Wang is also seeking to develop high power semiconductor lasers using interdiffused quantum structures and long wavelength quantum-dot vertical-cavity surface-emitting lasers (VCSELs) for imaging applications.
“I like to handle a lot of projects at one time,” says Wang. “You learn a lot that way. If you give 150 percent, you might not accomplish 150 percent, but you will probably get 100 percent. If you shoot for 100 percent, you might only end up with 80 percent.”
Eyes on a medical application
Dimas, who also makes photonic integrated devices, says improvements in broadband emitters could lead to breakthroughs in biomedical imaging, medical diagnostics and treatment.
Broadband, high-power, light-emitting diodes, she says, have applications to Optical Coherence Tomography, a non-invasive tissue-imaging technique that shows promise in diagnosing diseases of the eye, oral tissues and heart.
“OCT is like ultrasound,” says Dimas, “but instead of using acoustic waves, it uses light waves. It uses constructive and destructive interference of light to generate the location of tissue constituents. This interferometric technique allows the light to penetrate into body tissue with 10 to 100 times better depth resolution than ultrasound.

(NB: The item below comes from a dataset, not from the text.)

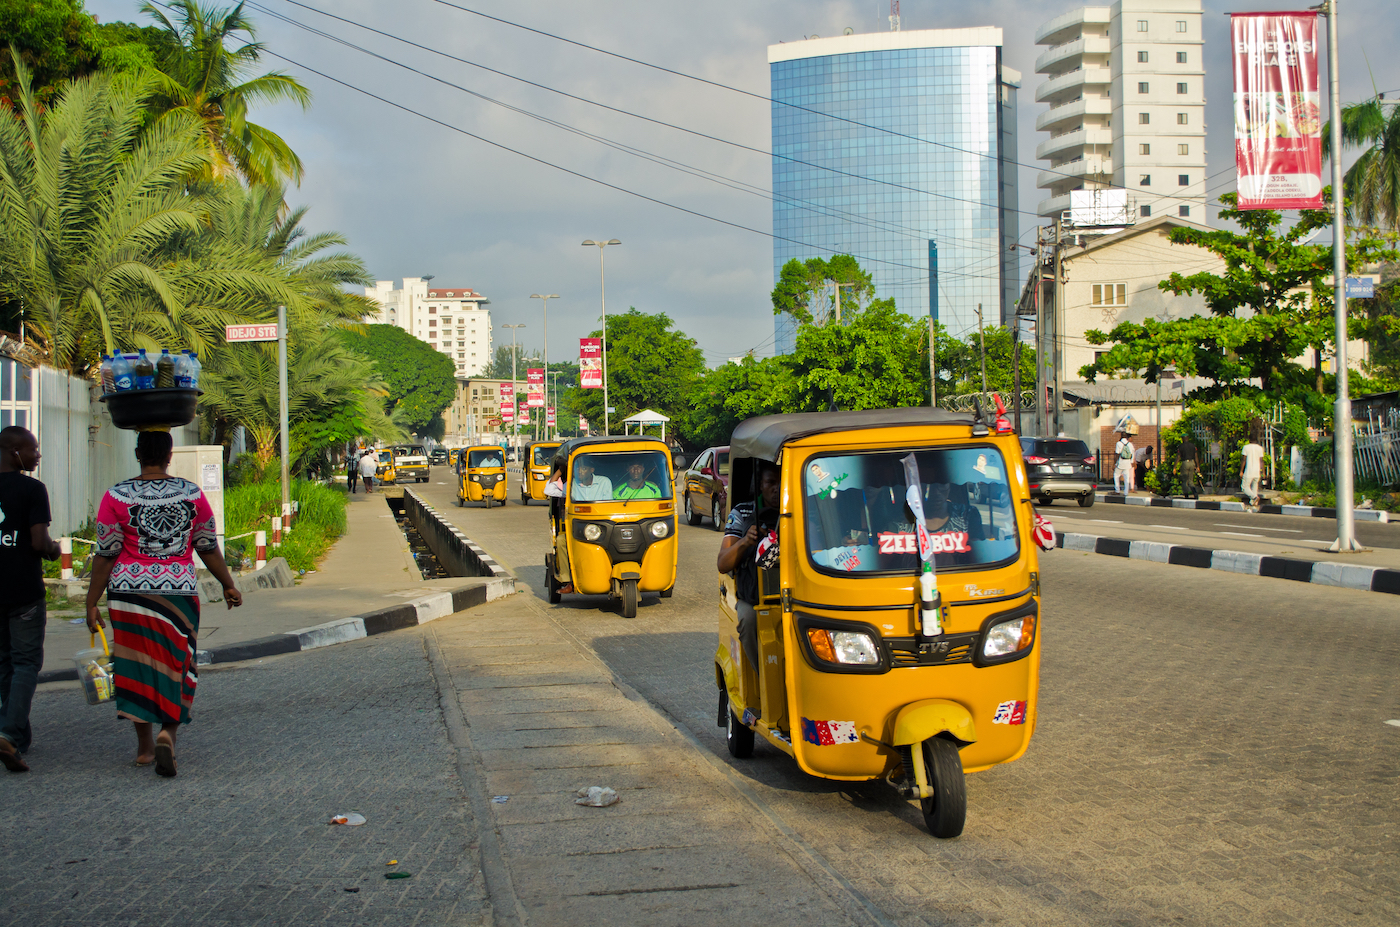 Gele tuktuks in Lagos, Nigeria

“Because the eye is so translucent, one of the biggest applications of OCT is ophthalmology. OCT enables doctors to penetrate and image the retina and to detect glaucoma and macular degeneration early and non-invasively.”
In the Center for Optical Technologies, Dimas designs and fabricates super-luminescent diodes, a type of optoelectronic semiconductor device. SLDs can be made in large quantities at a time, or batches, and they offer the additional advantage of being able to be integrated with other optoelectronic devices.
“We would like to integrate more OCT components on one chip,” says Dimas. “That would give us an alternative to big bulky lasers that sometimes must be powered by another laser. And it would be great for portability and expense.”
Dimas’s project ties in with Ooi’s collaboration with Carl Zeiss Meditec Inc. , a German-based international maker of ophthalmology systems. Dimas is continuing the team’s work on developing a semiconductor light source with advanced sensitivity and resolution. Ooi and his group have filed a patent application for the development of broadband emitters for sensor and bio-imaging applications.
“Professor Ooi has so many collaborators and original ideas,” says Dimas. “He is definitely a visionary in the field. He filters out the noise and gets to the essence of a problem. He’s so talented, and very inspiring.”